Más tarde esa noche, me deslicé en mis ajustados jeans, mi camiseta favorita de concierto y mis chucks. Alice las odiaba. Ella me decía que eran infantiles, pero no me importaba. Me encantaban. Emmett me sostuvo mi mano mientras caminábamos hacia el bar de la esquina a pocas cuadras de distancia.
Me acercó a una mesa donde supuse que su hermano estaría sentado. La buena apariencia debía correr en su familia porque su hermano era guapísimo. Incluso con el broncíneo cabello desordenado que parecía que se lo había lavado en días y la barba recién crecida en sobre su rostro.
Él se puso de pie para darme la mano, su camiseta estaba arrugada, y los botones no estaban bien abrochados. Emmett me presentó como su novia, y me hizo sonreír. Estaba feliz. Tenía un novio. Tenía a alguien que se preocupaba por mí. Él parecía lo suficientemente bueno. Sus ojos eran verdes como plantas de anémonas en el mar, y me cautivaban como la sonrisa de Emmett lo hacía.

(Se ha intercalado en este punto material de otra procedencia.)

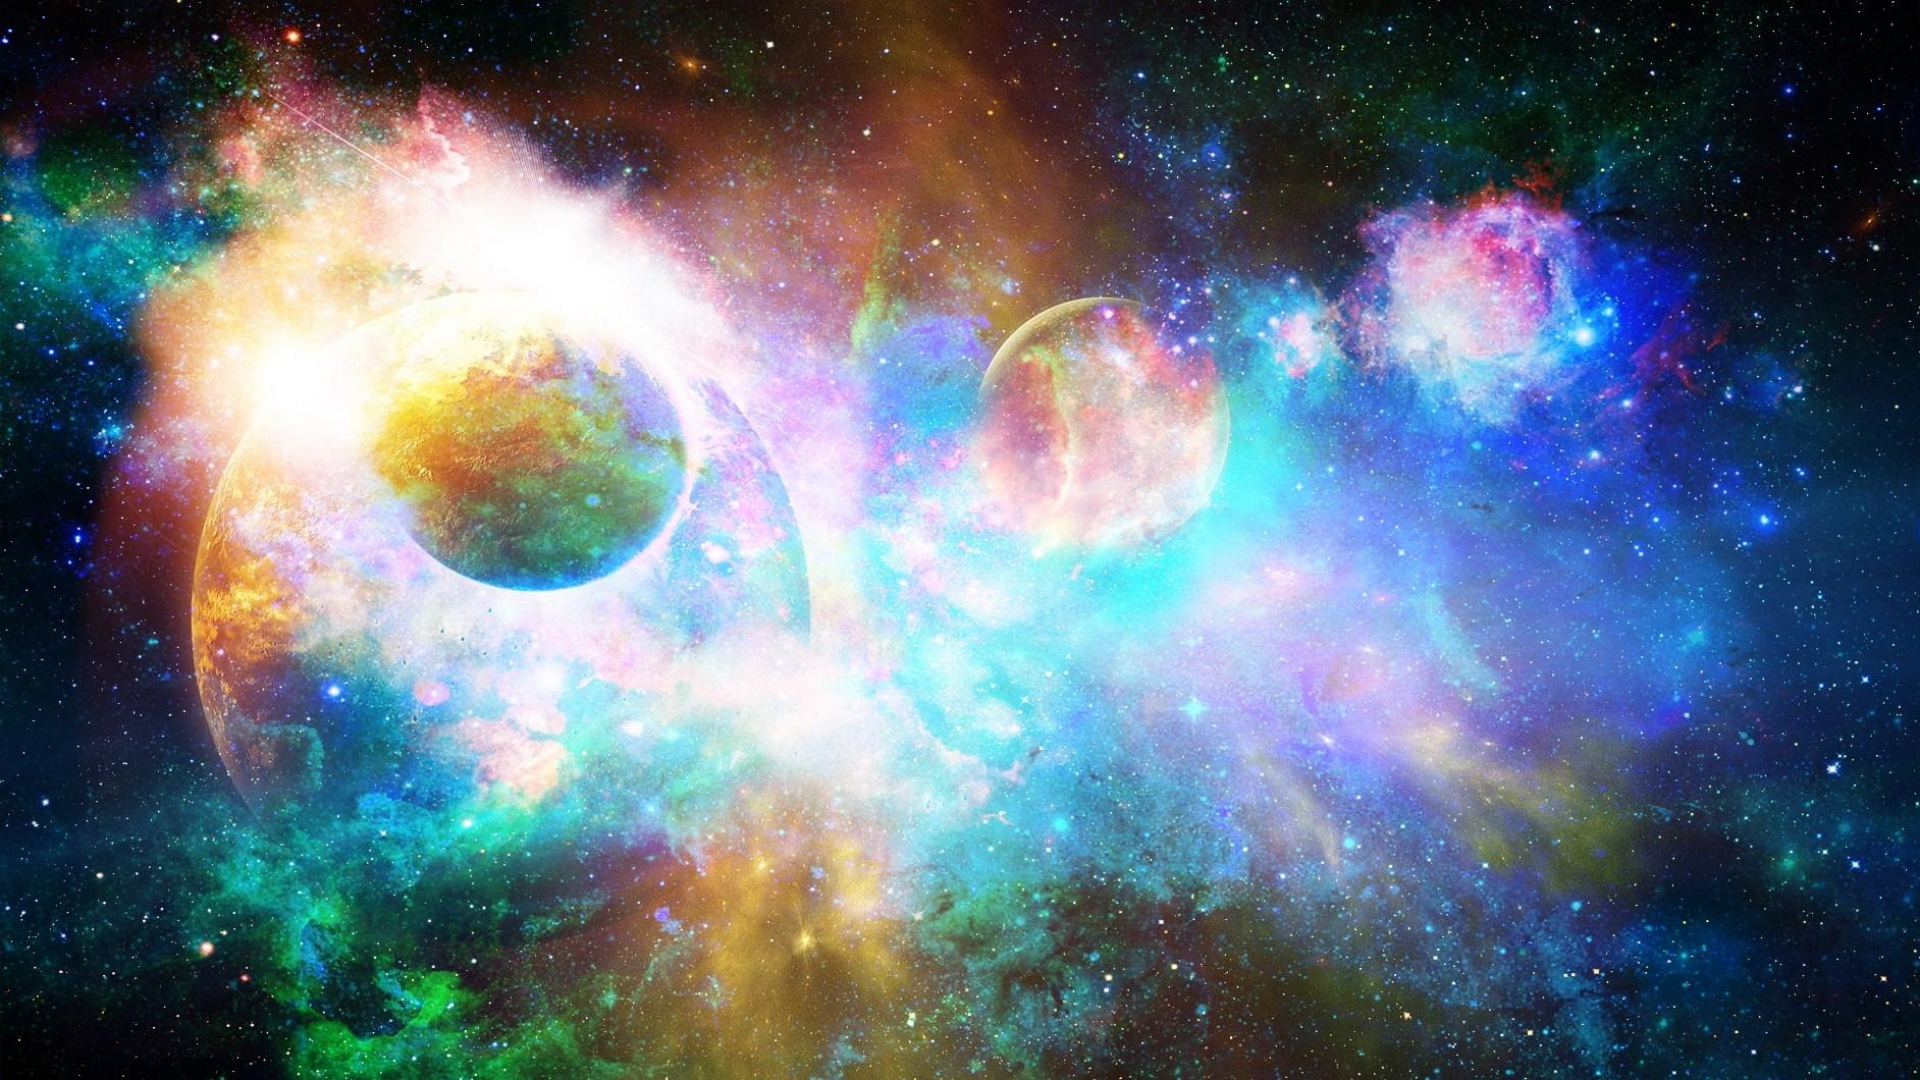 Download Wallpaper 1920x1080 Stars Planets Light Galaxy Universe

Edward era encantador. Él nos ordenó bebidas y brindó por Emmett y por mí. Hablamos de la escuela, él estaba en pre-medicina. Él no estaba de acuerdo con todo. Desde el calentamiento global, hasta los sueldos de los ejecutivos, y si la religión causaba guerras, o los derechos de los homosexuales al matrimonio, y juro por Dios, que estaba discutiendo conmigo por el simple hecho de discutir conmigo. Pronto, él mismo es excusó para ir a ligar con una rubia de piernas largas con un vestido negro corto, y ella me hizo sentir insuficiente. Me sentía aliviada de que él ya no estuviera allí para discutir conmigo.
Él la acercó a nosotros, y le presentó como Tanya. Se besó con ella en el banco a través de mí y Emmett, tuve que levantarme porque me estaba poniendo incómoda. Emmett me siguió hasta la barra donde pedí otro trago.

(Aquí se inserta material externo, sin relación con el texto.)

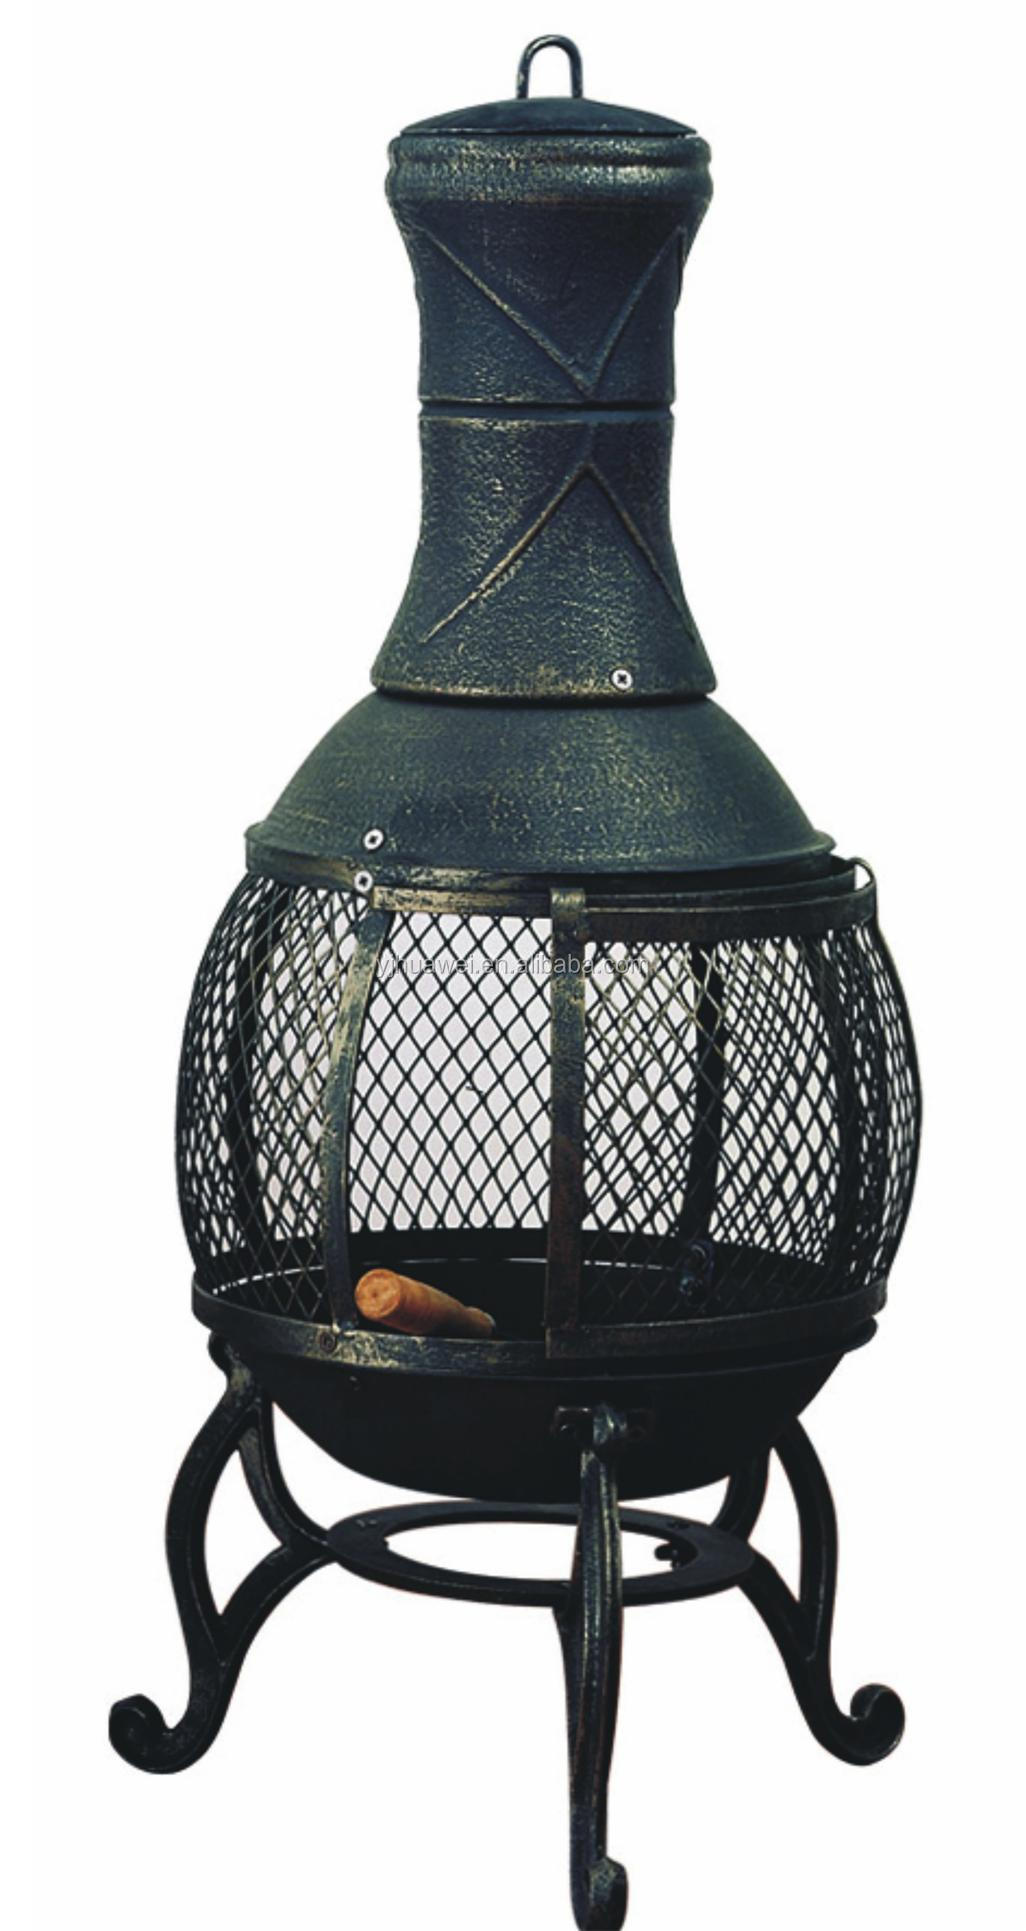 Cast Iron Outdoor Chiminea Modern Patio Outdoor

—¿Estás bien? —me preguntó, deslizando el dinero sobre la barra para cubrir mi bebida.
—Simplemente no quería ver cómo tu hermano toqueteaba a esa chica —me encogí de hombros. Tomé mi bebida, y Emmett envolvió sus brazos alrededor de mí.
Me excusé para salir a fumar un cigarrillo. Emmett odiaba que fumara. Le dije que iba a dejar de fumar, pero no lo hice en serio. Dejé que el humo saliera de mis pulmones cuando siento una presencia a mi lado. Miré y vi a Edward.

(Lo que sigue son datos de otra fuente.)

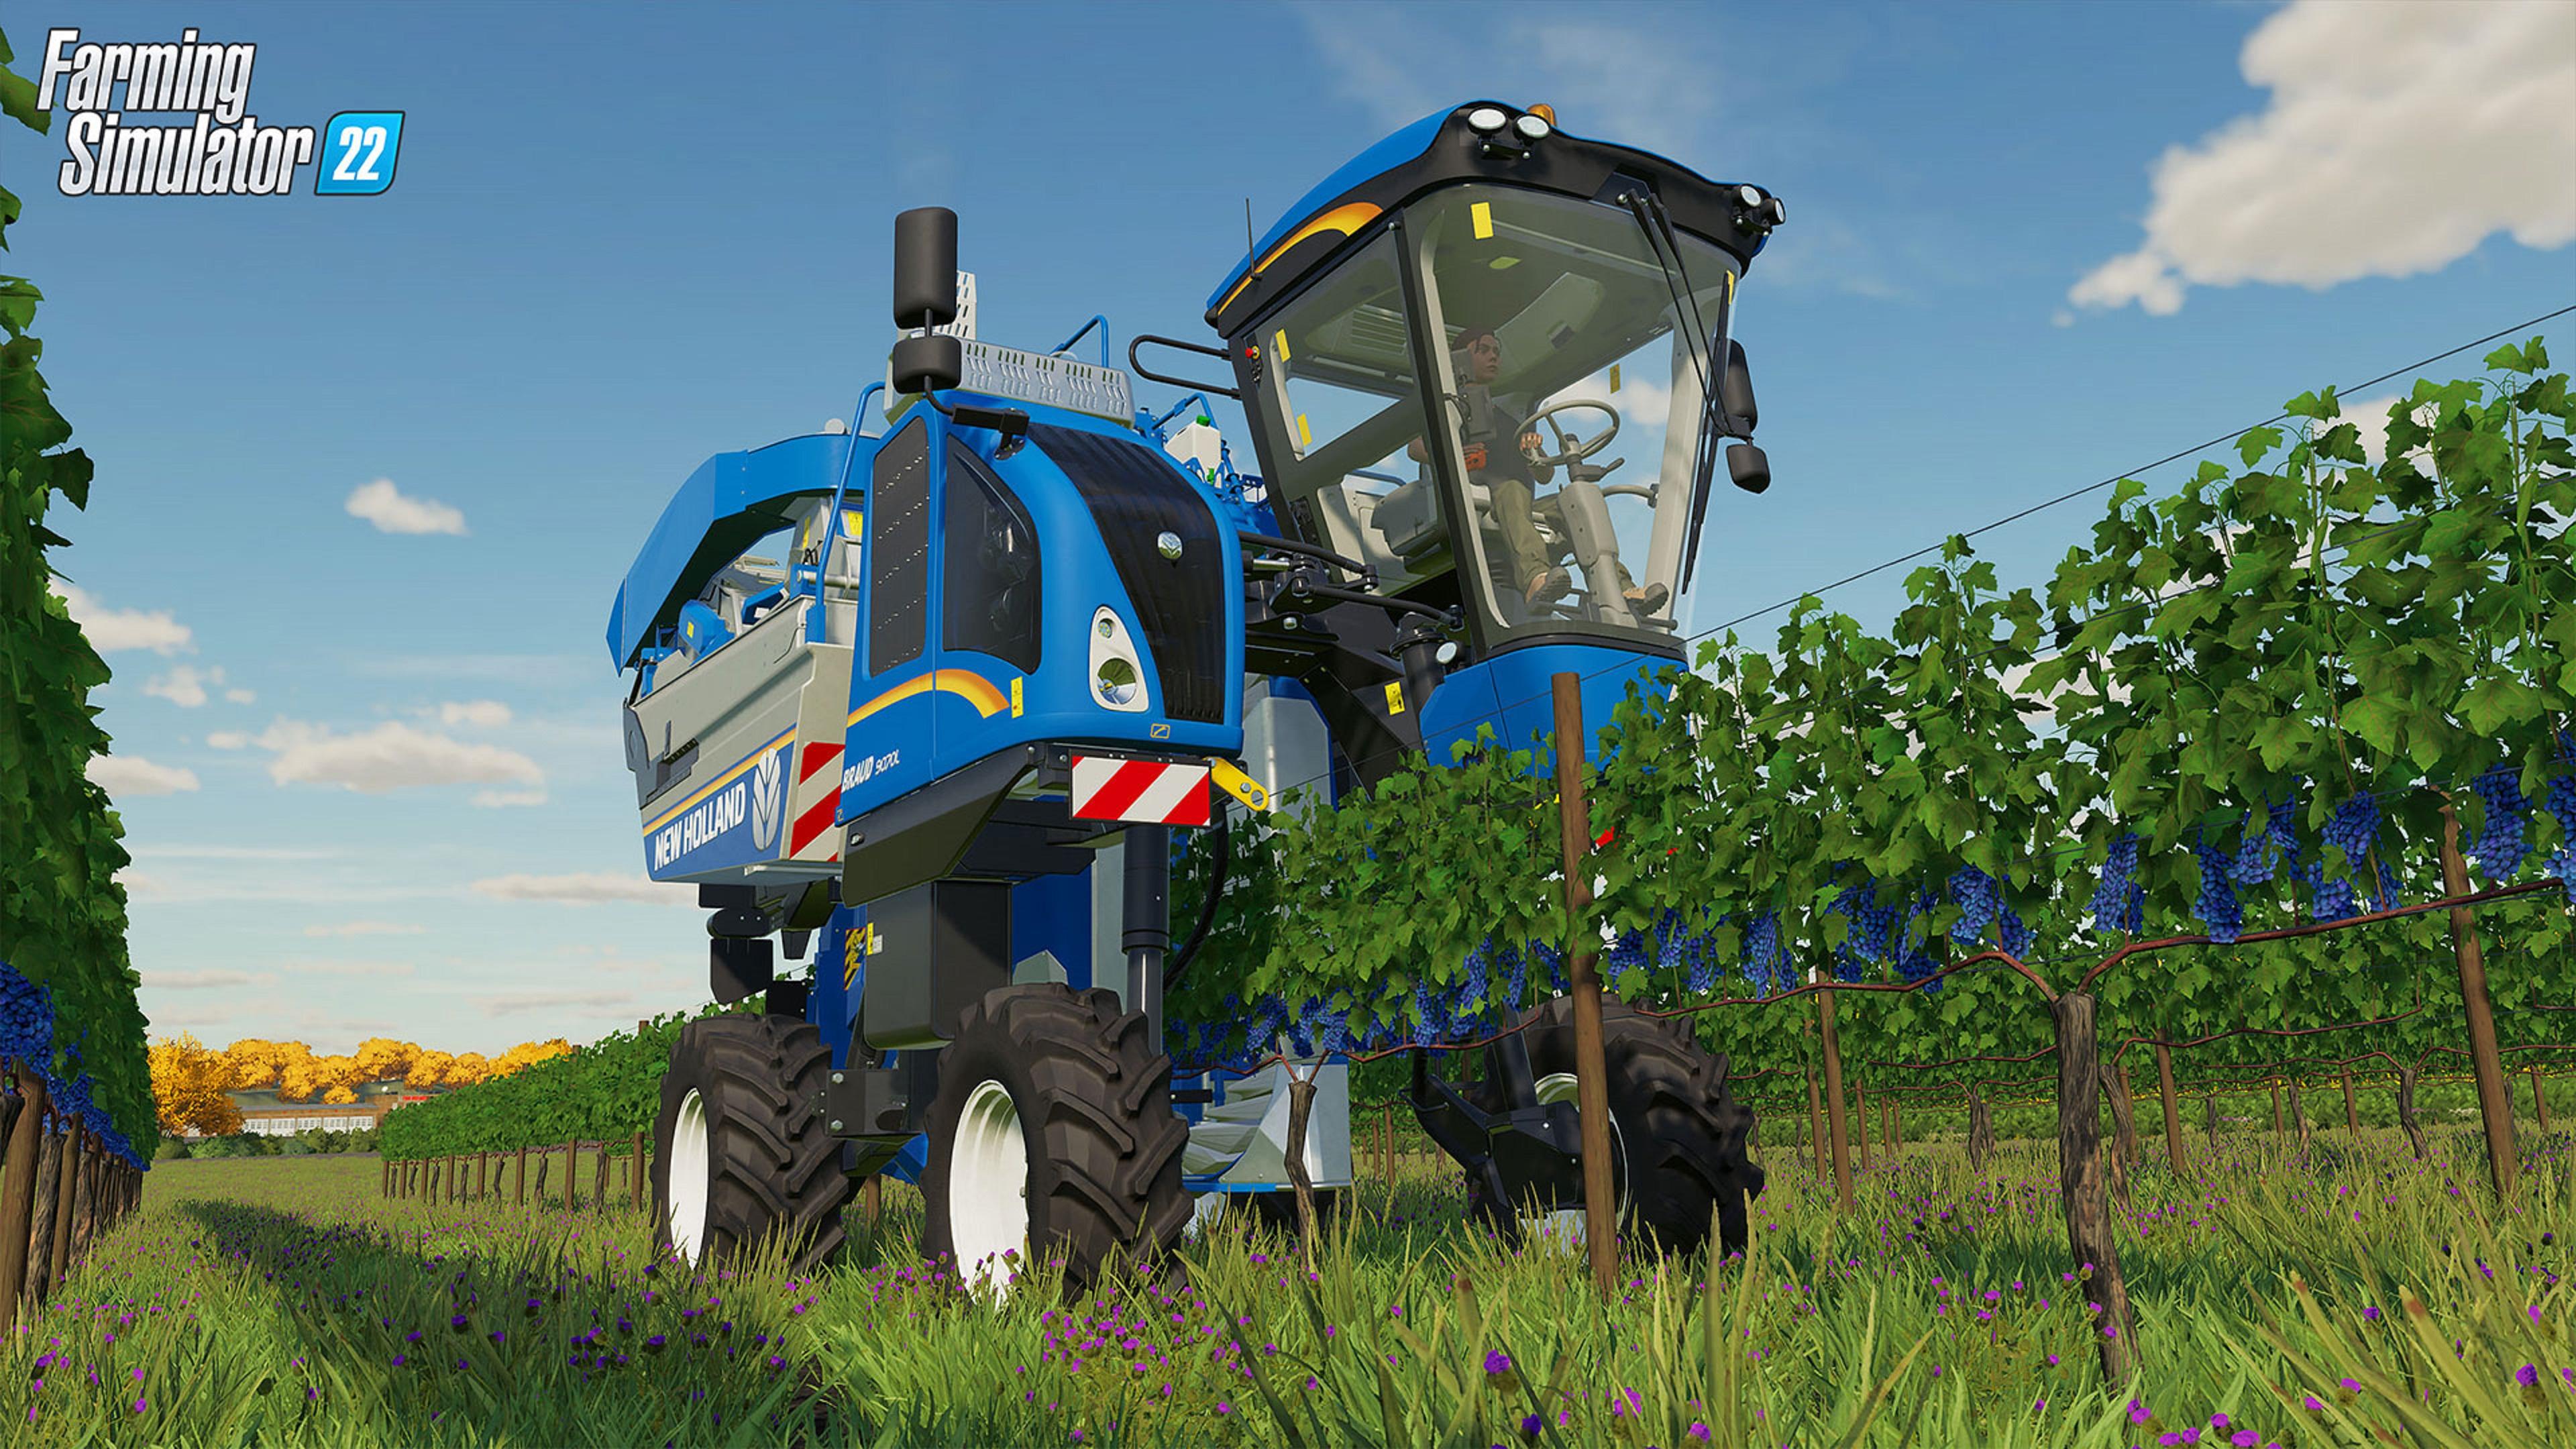 Скриншот №1 к Farming Simulator 22 PS4 and PS5

Encendió un cigarrillo y me sonríe maliciosamente mientras lo lleva a su boca y chupa de nuevo la nicotina. —¿Tienes un problema con demasiado muestra de afecto en público? —me preguntó, mientras dejaba escapar el humo sus pulmones.
Puse los ojos, y tomé otra pitada. —Sólo con el excesivo, en tu cara, exhibicionismo del tipo "ve a un hotel" —le dije en molestia.
—Apuesto a que eres una mojigata —afirmó. Me volví para hacer frente, enojada con su hipótesis.
—Simplemente no soy una puta —le dije con una advertencia en mi voz. Él se rió.
—Obviamente, Emmett no ha tenido mucho que decir sobre el sexo, lo que significa que no ha habido nada.
—Tal vez n-no es asunto tuyo —le dije, apagando el cigarrillo con mi chuck.
Me miró el culo, y sonrió. —Esperaré por la oportunidad de palmear tu culo también —dijo agitando la ceniza con su pulgar.
Estaba sorprendida. No sabía qué decir. ¿Cómo responder? ¿Quién demonios se creía este chico que era? —Pervertido —es lo mejor que pude decir, antes de volver hacia el interior, donde Emmett estaba esperando en el bar.
Deslizó mi bebida hacia mí: —¿Qué pasa? —preguntó.
—Tu hermano —me enfurruñé, llevando la pajita hacia mi boca para chupar más alcohol.
EPOV
Me desperté en la cama de ¿cómo se llama? Oh, cierto, Tanya. Ella estaba dormida, el sol estaba levantándose. Balanceé mis piernas fuera de la cama y me deslicé en mi jeans que yacían en el suelo. Me puse mi camiseta sobre mi cabeza e hice mi escape.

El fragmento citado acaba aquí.